Shary Boyle’s status as one of Canada’s best-kept secrets is about to change. This summer, the Toronto-based artist will bring her dreamlike creations to the 55th Venice Biennale, taking over the country’s discreet modernist pavilion with fantastical sculptures, installations, and projections. Details are still under wraps, but the exhibition — curated by National Gallery of Canada’s  Josée Drouin-Brisebois—promises to be quite a spectacle (in contrast with the quiet mood of Steven Shearer’s display two years ago). Boyle is a keen show-woman, and she has collaborated with several musicians — including Peaches and Feist— and developed a unique take on live drawing and shadow theatre using quaintly charming overhead projectors. During a quick visit to London, the artist sat down with ARTINFO UK to discuss her commitment to the handmade, interdisciplinary collaborations, and the trappings of national identity.

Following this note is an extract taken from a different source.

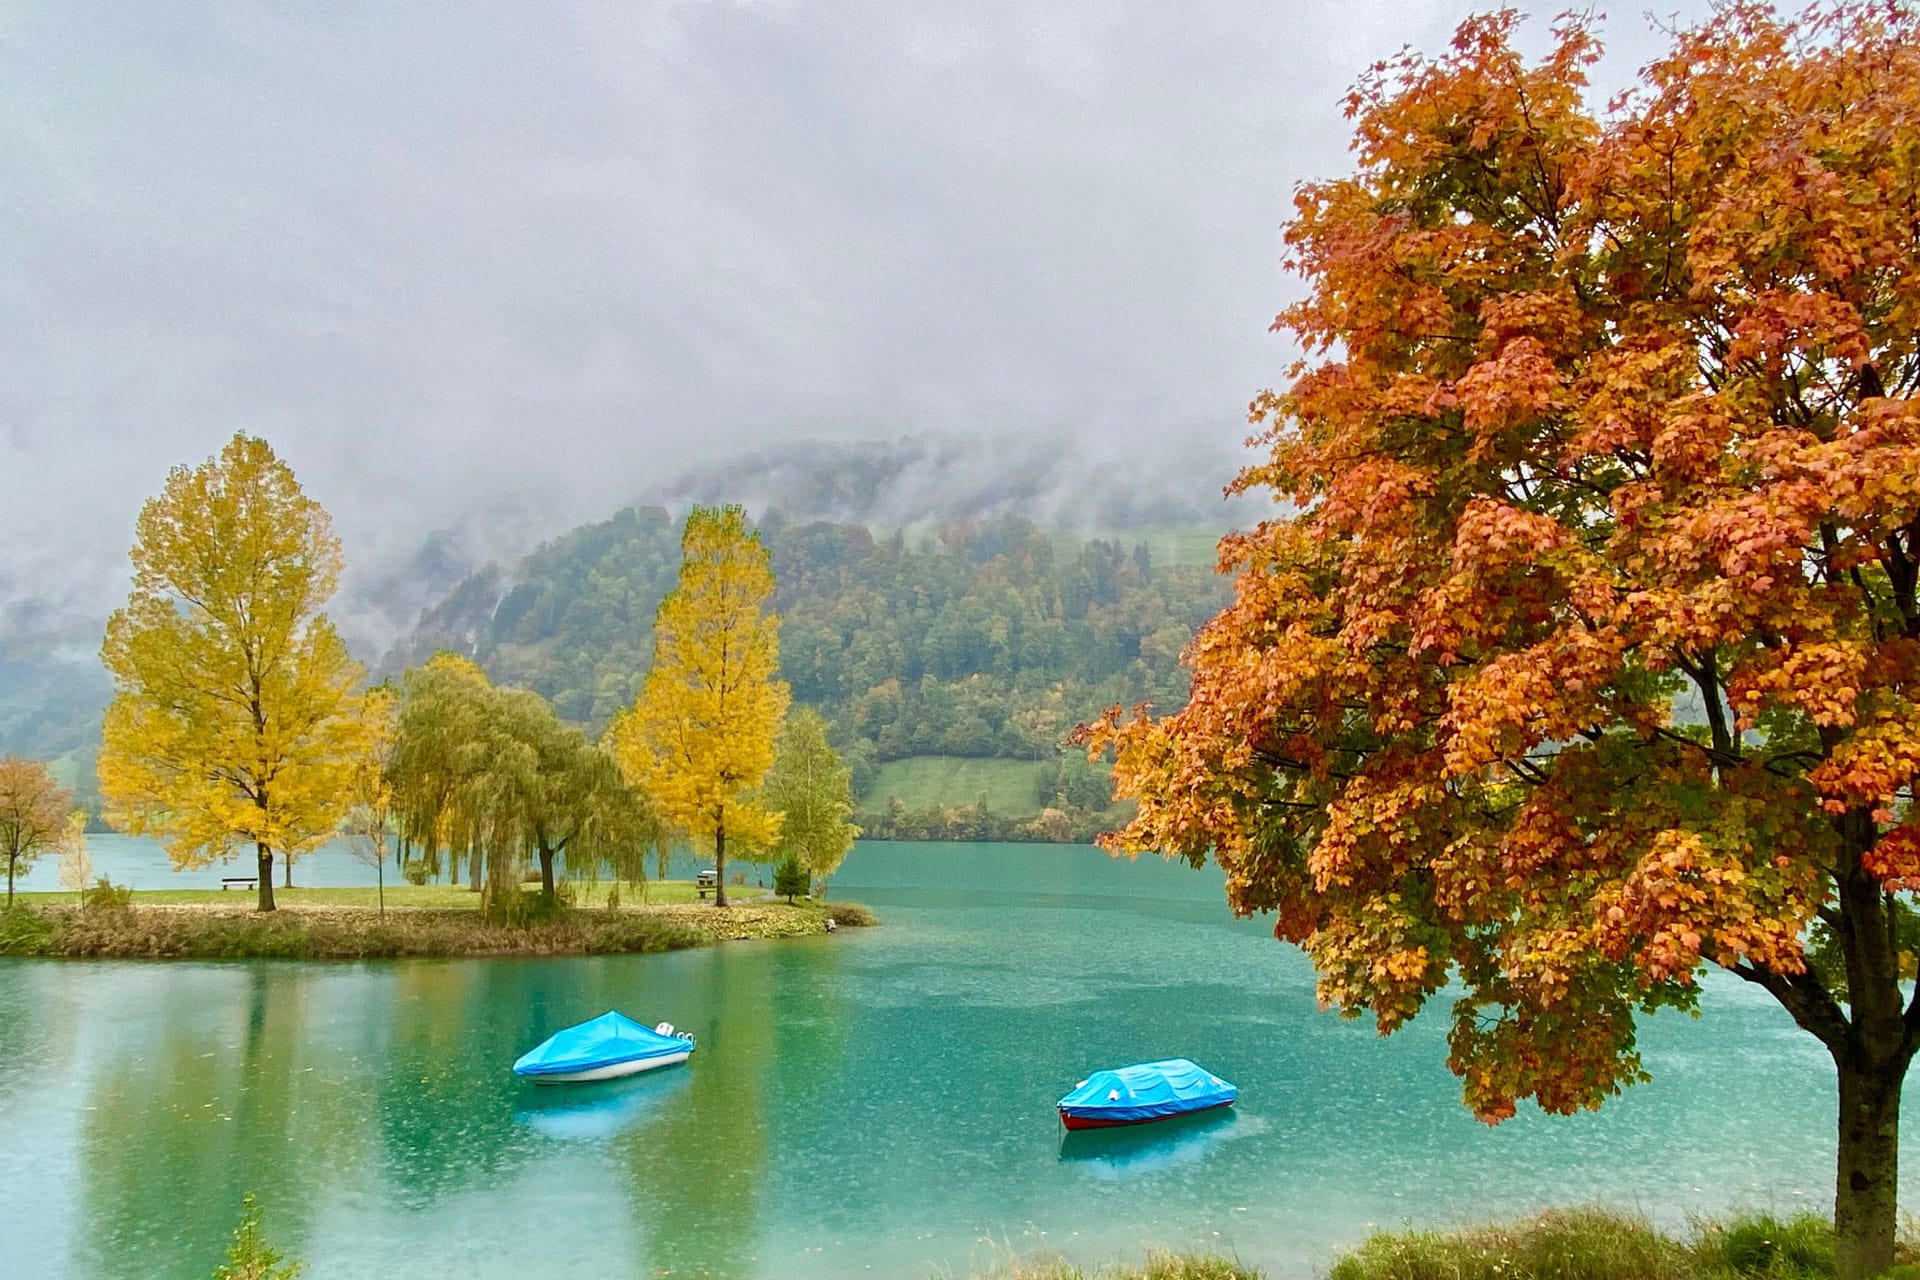 Hidden gems Private Day Tour: The Natural of Wonders of Switzerland (from Bern)

Looking at your work, which can be almost phantasmagoric, I was wondering how you relate to the city of Venice.

It’s a no-brainer. I think when I was selected the jury was feeling that the history, the mythology, the ambience of Venice was really a natural fit with my work. Outcasts persecuted from other areas of Europe went there trying to hide in the lagoons, and they became this very powerful merchant class. That history is interesting to me: the idea of a group of strugglers, bound together to create this strong identity and Venetian pride. I’m also very interested in how they always put art before religion there. But the place is haunted, you know; the first time I saw it, I was just mesmerized by the idea of that water lapping up the staircases. It’s like the city of Atlantis, you have a vertigo or you want to descend into the water — it calls you. And there are so many ancient buildings: a mix of Eastern Islamic, Roman, gothic, and classical architecture that’s extraordinary. It’s really a place where I feel the Other can exist.

Which is obviously a theme that has been running through your work in many different ways.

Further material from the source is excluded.